ブラーさん、ネロを誘惑するのは、やめてください。


「そうか。そうすれば、ミシュティにも、もう少し滞在してくれたのか。」

「お菓子食べ放題にすれば、ネロは釣れたんじゃないか?」


…ネロを釣るのは、やめて貰っても?


「本当に帰るのか?」

「本当に帰るの?」


良い顔二人に、迫られている…


「あの、帰ると言っても、すぐに帰る訳ではないですし、明日はまだプティテーラにいる予定ですよ?それに、挨拶回りで、また会いに来ますし…」


なんで私は、こんな言い訳っぽいことを言っているんだ?


「それを帰り支度というんだよな?」

「それが終わったら、帰るっていうことだよね?」

「そっか。せっかくプティテーラで会えたのに、またチヒロ達とお別れか。
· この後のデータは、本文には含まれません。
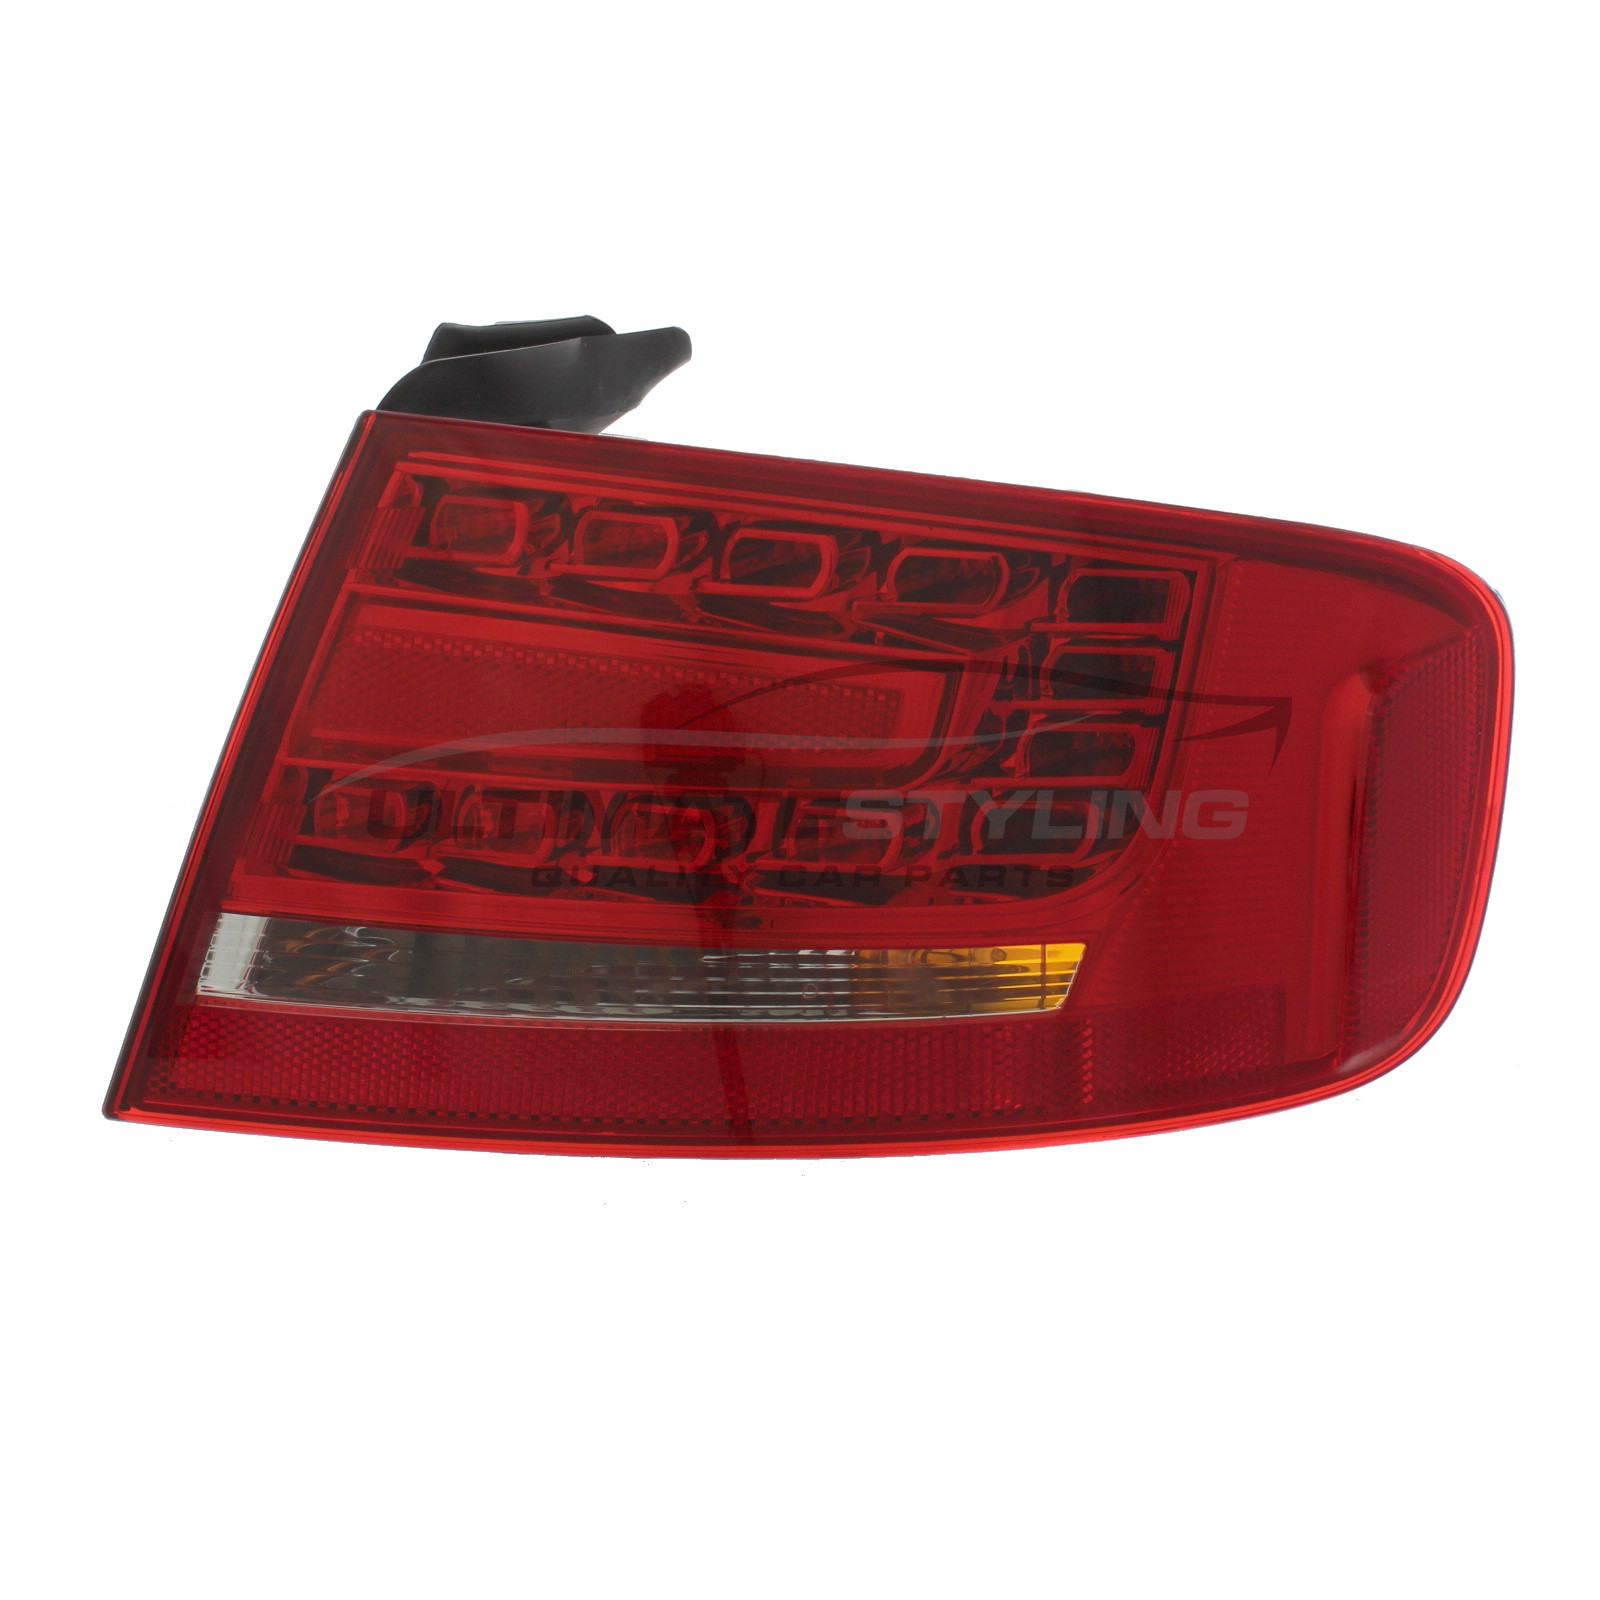 Audi A4 2008-2012 / Audi S4 2009-2012 LED Outer (Wing) Rear Light / Tail Light Excluding Bulb Holder Drivers Side (RH)

」

「次に会えるのはいつだろうな…?」


全員シュンとした顔をして、下を向く。

メルとビスクートさんまで参戦されると、収拾がつかなくなるんですけど。

そして、四人をよく見ると、下を向きプルプルと震えていることに気が付いた。


「あの、もしかして、私は揶揄われました?」


ムスッとした声で、言い放つと、四人が下を向いたまま、ブフッと噴き出した。

はい、これは揶揄われていました。


「ごめん、ごめん。ついね?でも、二人が帰ってしまうのは寂しい。本当だよ。」


笑いながら言われても、全然、説得力ありませんけど?


「だって、本当に寂しいじゃないか。」


そして、爆笑を止め、私とネロをじっと見つめて、哀愁漂う笑みをクラト公子は浮かべたのだった。